The paper is a blow to hopes that sequestration could become a big part of future climate strategy. The lead author of the paper is Stanford researcher Mark Zoback, a well-respected expert on the seismic risks of oil and gas production. Steven Gorelick, a Stanford hydrologist, is coauthor with Zoback.

Only last week, the International Energy Agency said that CCS will need to contribute over a fifth of the emissions reductions needed by 2050 to ensure an 80 percent chance of limiting the long-term average global temperature increase to 2 °C.

The oil and gas industry already uses techniques that are similar to CCS during resource extraction and wastewater disposal, and these processes are known to induce small earthquakes. Wastewater injection has been blamed for recent earthquakes in Arkansas, in Ohio, and near the border of Colorado and New Mexico.

Zoback says the risks associated with such quakes can be managed through careful site selection, but large-scale CCS could be more problematic. “You have to be far more restrictive” when choosing a carbon dioxide repository, he explains, since the task is to “keep a buoyant fluid in place for hundreds to thousands of years.”

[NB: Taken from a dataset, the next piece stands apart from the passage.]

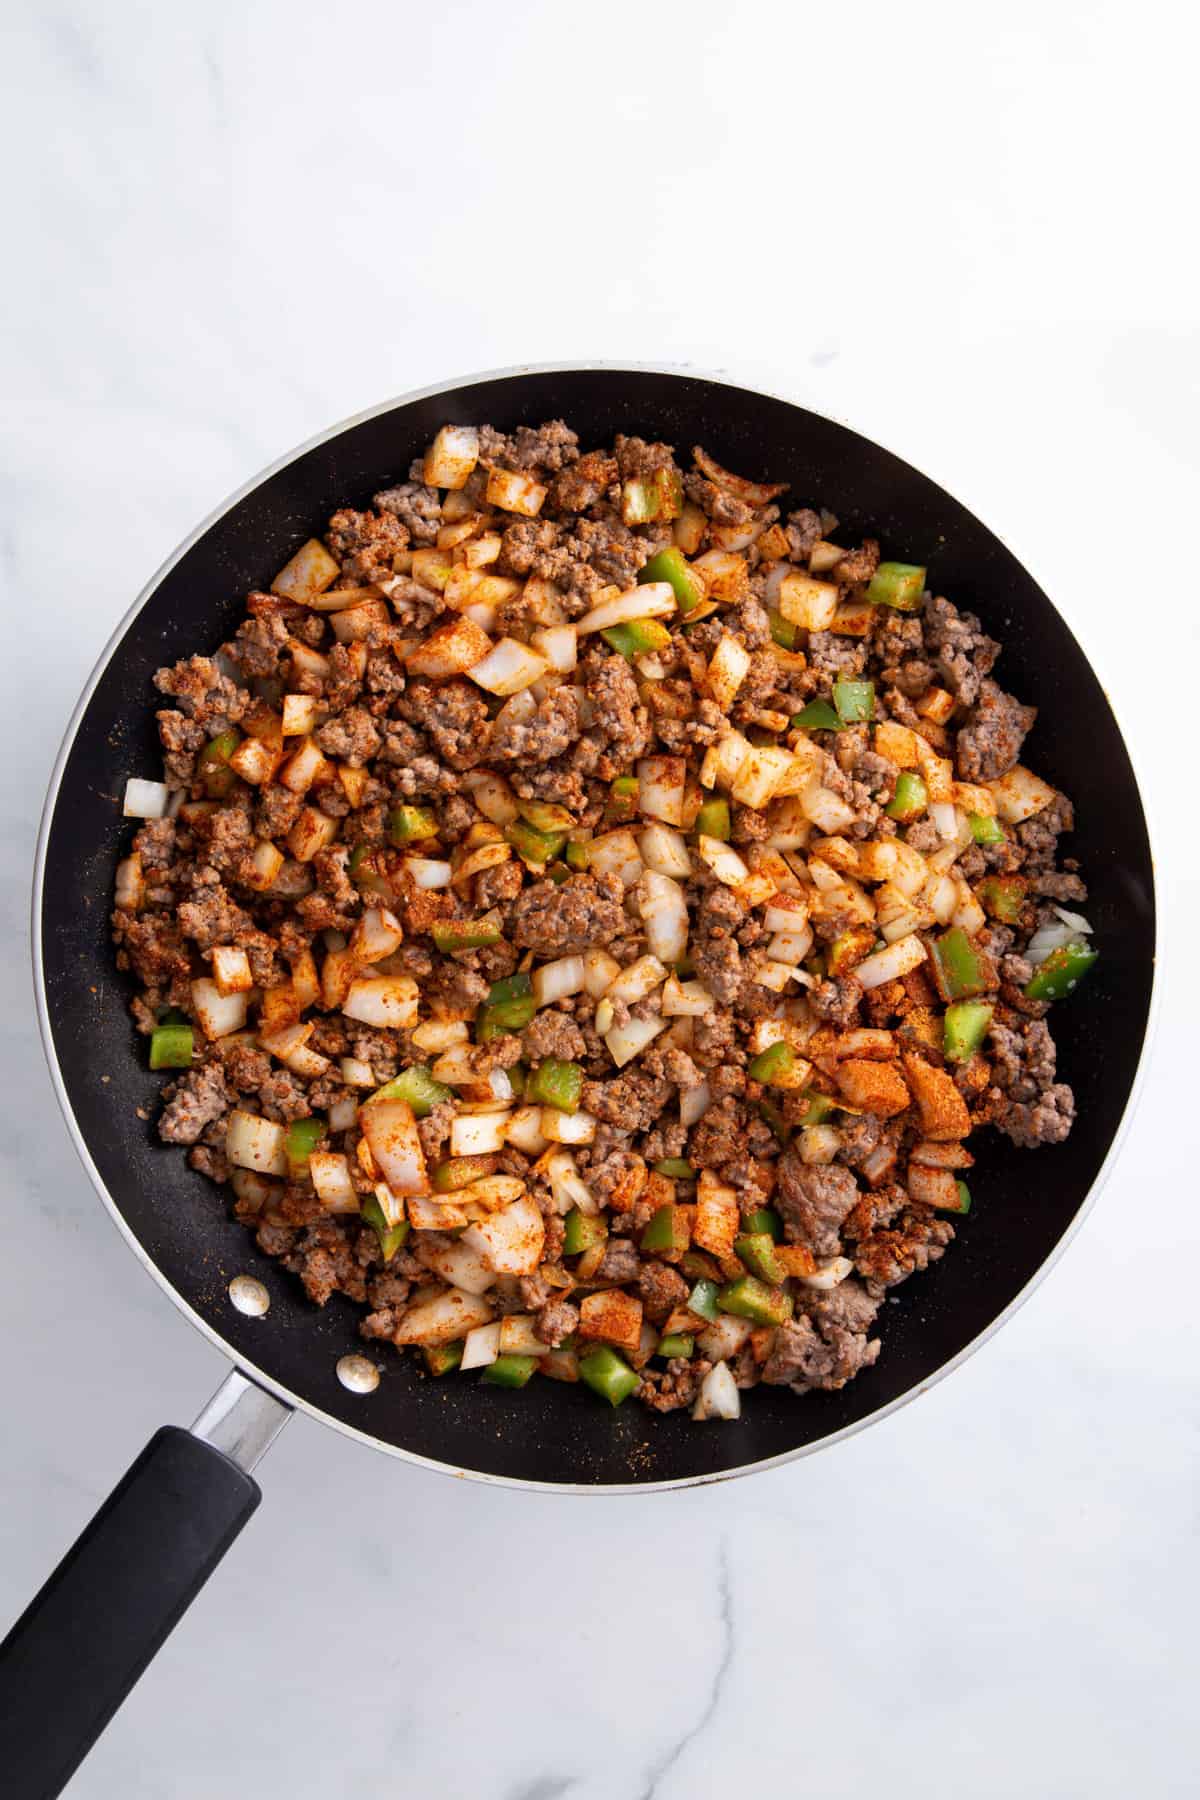 taco meat cooked with chopped veggies

The paper comes just a few days after a report on the earthquake risks posed by various energy technologies, including oil and gas extraction, wastewater disposal, geothermal power, and CCS, was published by the National Research Council. That report said that “CCS may have the potential for significant seismic risk” and added that “insufficient information exists to understand this potential.”

Zoback and Gorelick’s paper notes that if CCS is to significantly affect atmospheric greenhouse-gas accumulation, it must be able to contain about 3.5 billion tons of carbon dioxide per year worldwide—an amount similar in volume to the nearly 30 billion barrels of oil the world produces annually.

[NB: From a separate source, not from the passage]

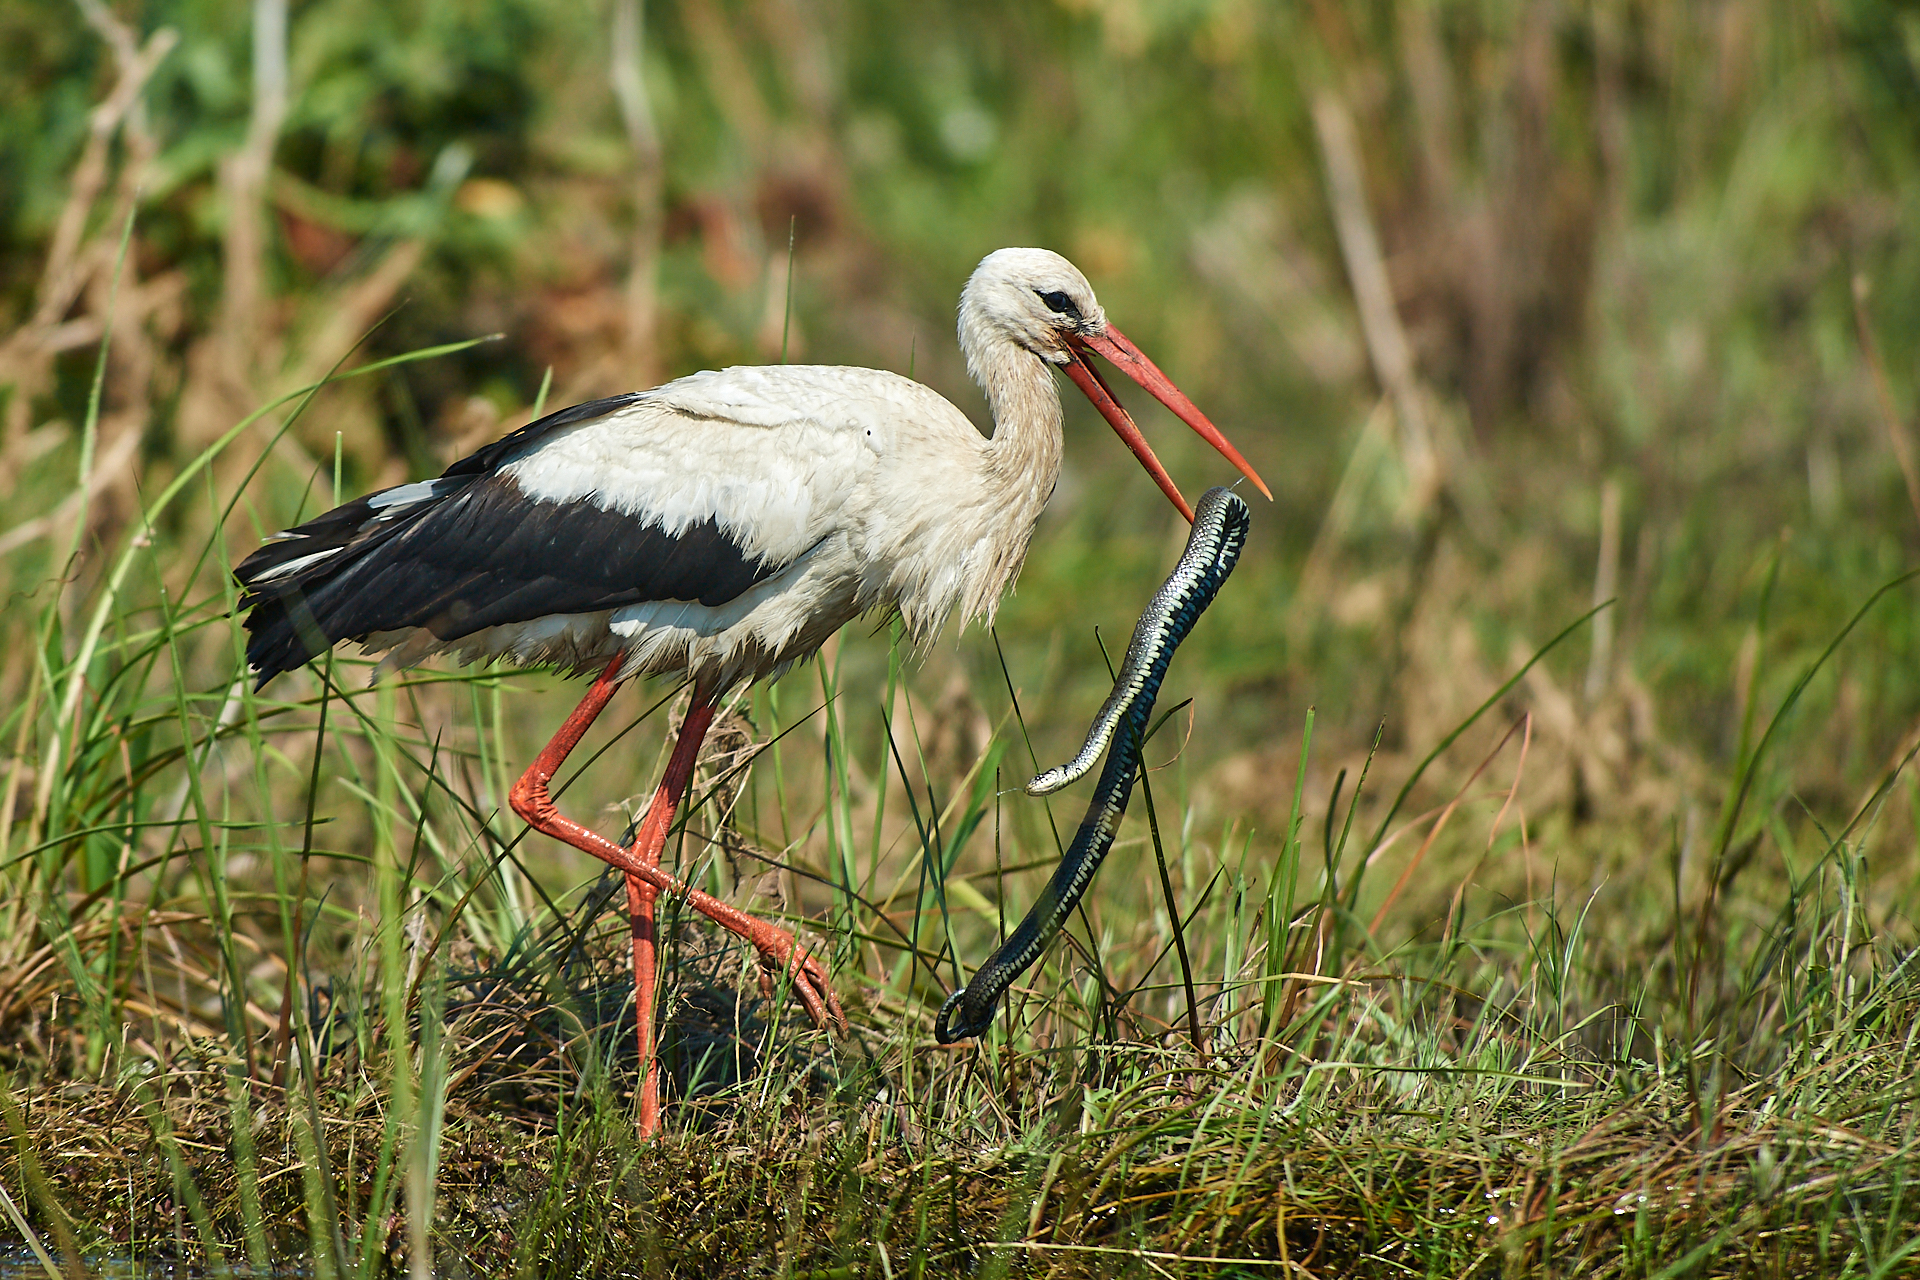 The stork and the natrice...

The most promising storage containers are called deep saline aquifers—rock formations one to three kilometers underground, below the depth of freshwater aquifers, and beneath a layer of impermeable rock called the caprock, which acts as a seal. A modeling study by MIT researchers, published earlier this year in PNAS, estimated that deep saline aquifers in the United States could hold at least a century’s worth of the carbon dioxide produced by the nation’s coal-fired power plants.

But this hypothesis has not been tested on a large scale, and Zoback doubts that some of the target storage sites could safely hold as much carbon dioxide as assumed. Even small quakes could damage caprocks, say Zoback and Gorelick. That would threaten the integrity of carbon dioxide repositories, potentially allowing the greenhouse gas to escape into the atmosphere.

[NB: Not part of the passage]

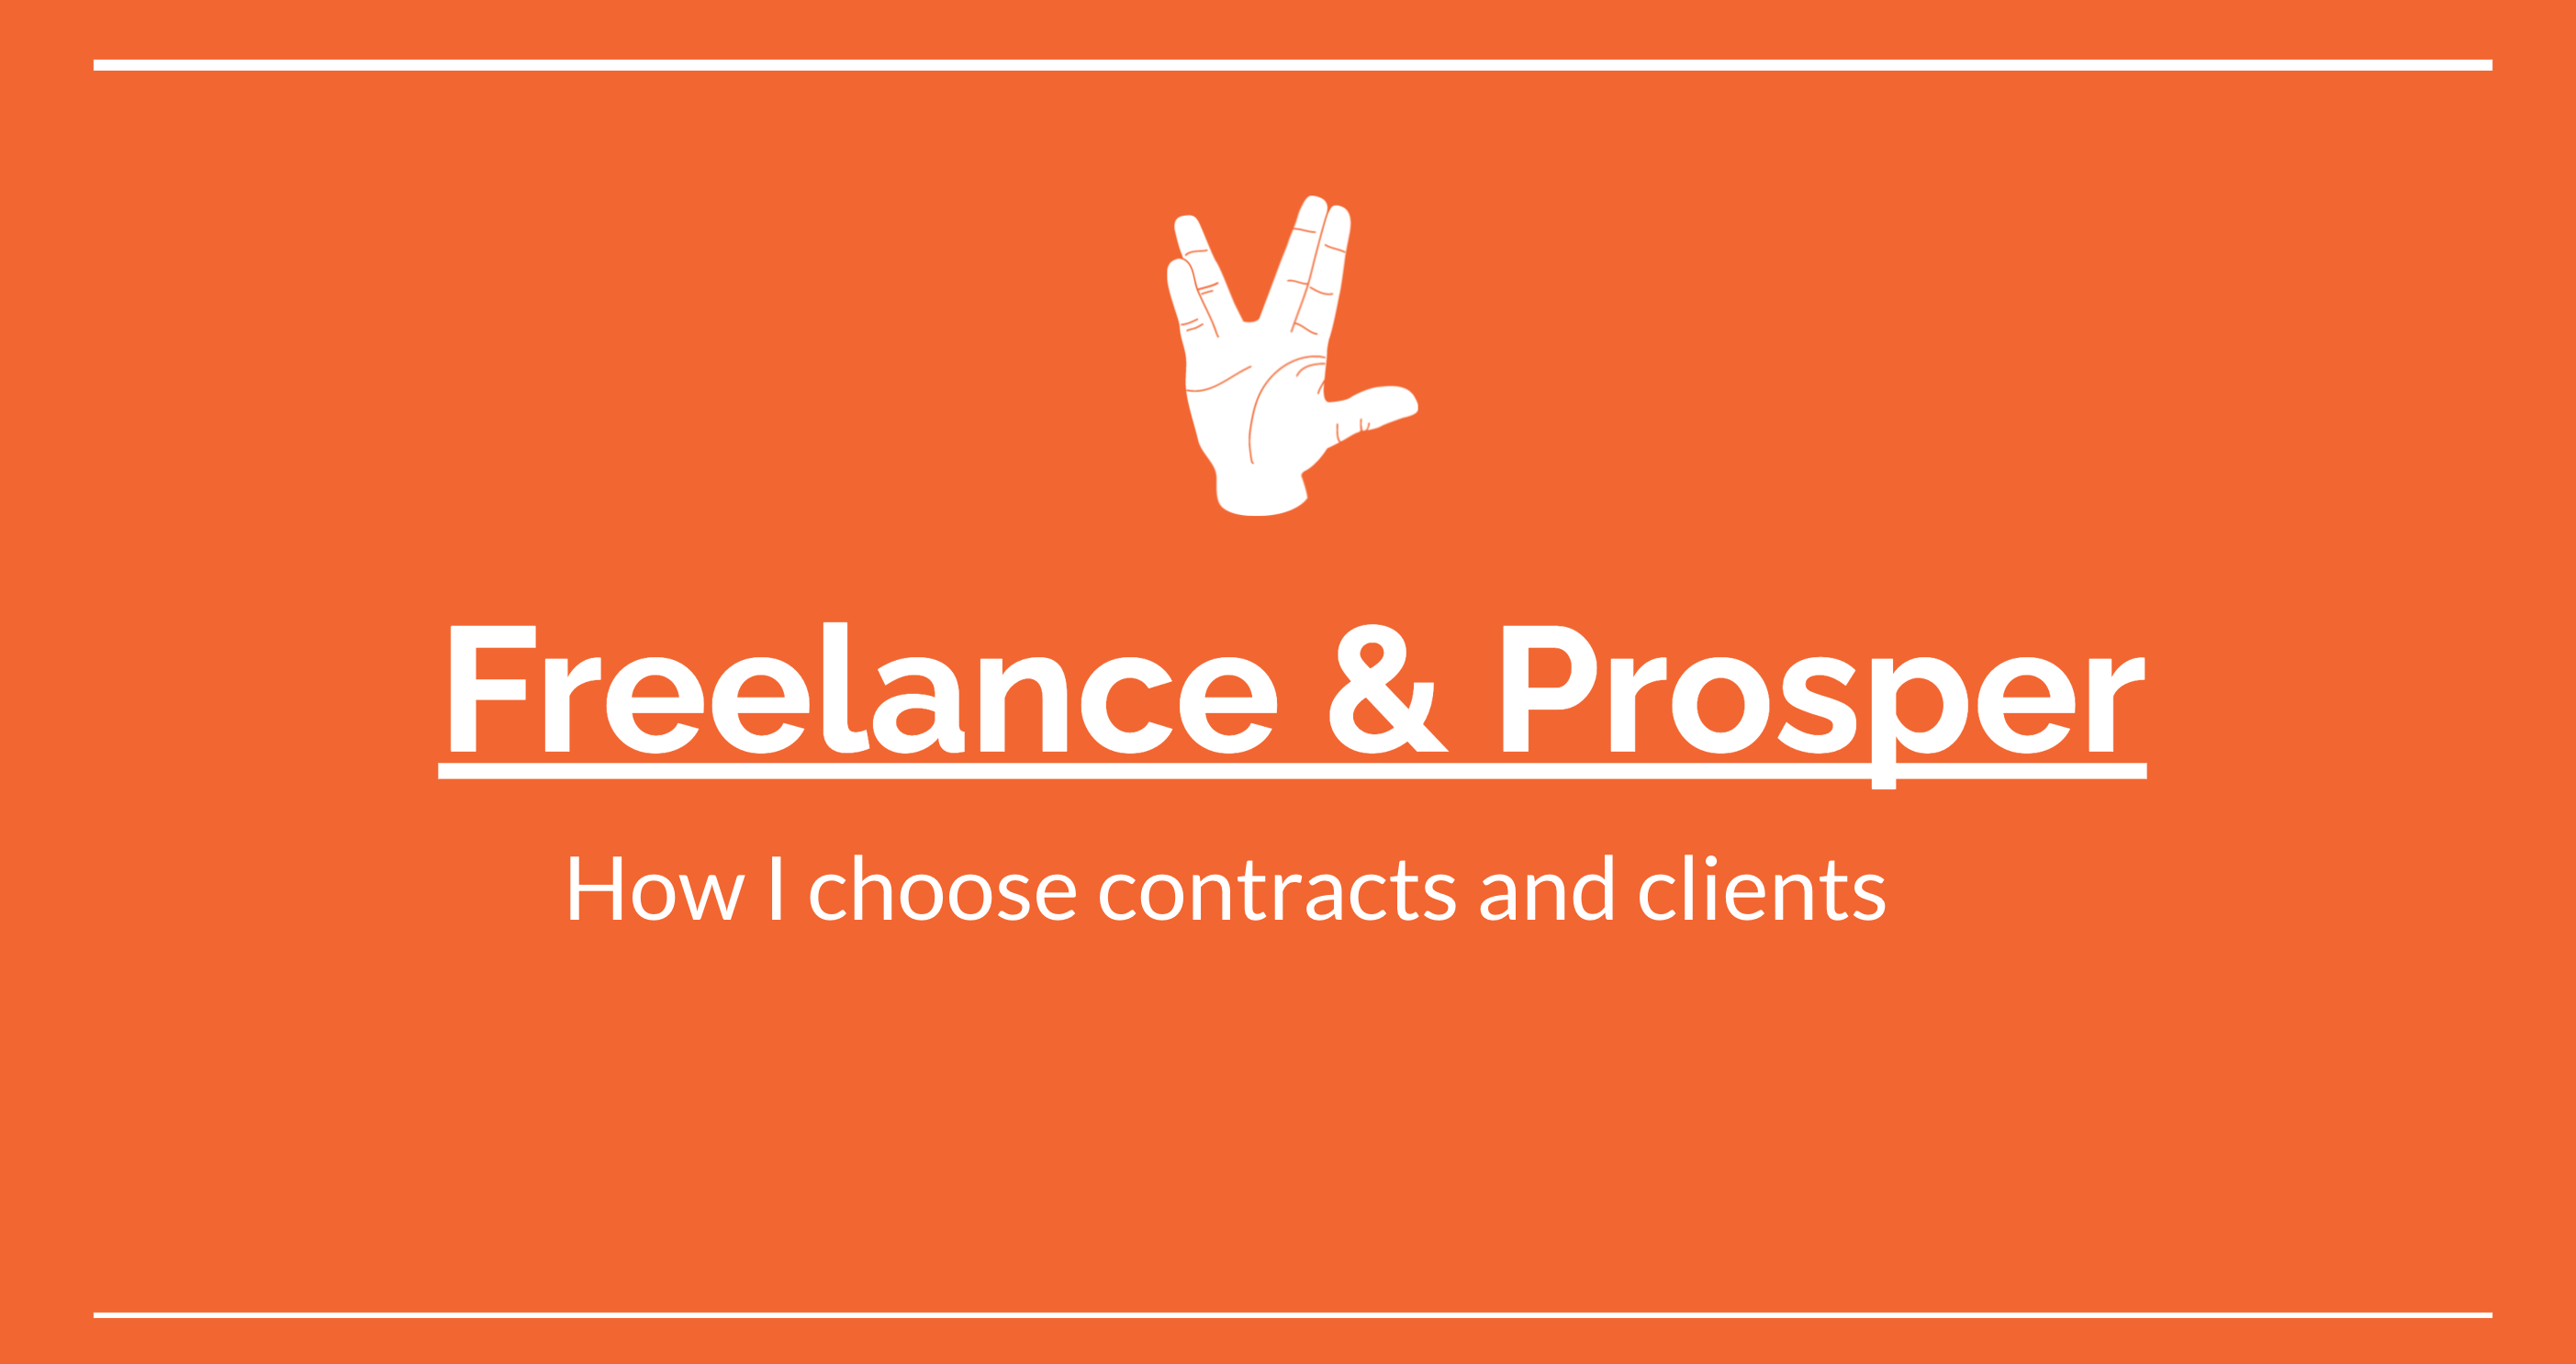 How I choose contracts and clients

Ruben Juanes, a geoscientist and professor of energy studies at MIT, who coauthored the previous PNAS study on carbon dioxide storage capacity in the United States, says the data are too sparse to support Zoback and Gorelick’s sweeping conclusion.

“Currently, there are no models that can forecast the occurrence or magnitude of seismic events caused by fluid injection into the subsurface,” Juanes says. And there is “little field experience to inform the risk” of CCS, since no current projects operate at the scale needed to significantly offset carbon dioxide emissions.

Further, says Juanes, damage to a caprock wouldn’t allow carbon dioxide to escape in all cases. For example, he notes that the Mount Simon Sandstone, a candidate repository in the Illinois Basin, lies beneath at least two caprocks besides the primary one.

Zoback and Gorelick agree that the Mount Simon Sandstone could be a viable carbon dioxide container. But they say there could be dangerous seismological consequences if the region were to rely too heavily on this one location.

“You can find circumstances in which CCS can be done,” Zoback says. “It’s just the enormous scale that is challenged.”

Keep Reading

Most Popular

Scientists are finding signals of long covid in blood. They could lead to new treatments.

Faults in a certain part of the immune system might be at the root of some long covid cases, new research suggests.

Large language models can do jaw-dropping things. But nobody knows exactly why.

And that's a problem. Figuring it out is one of the biggest scientific puzzles of our time and a crucial step towards controlling more powerful future models.

OpenAI teases an amazing new generative video model called Sora

The firm is sharing Sora with a small group of safety testers but the rest of us will have to wait to learn more.

Google’s Gemini is now in everything. Here’s how you can try it out.

Gmail, Docs, and more will now come with Gemini baked in. But Europeans will have to wait before they can download the app.

Stay connected

Illustration by Rose Wong

Get the latest updates from
MIT Technology Review

Discover special offers, top stories, upcoming events, and more.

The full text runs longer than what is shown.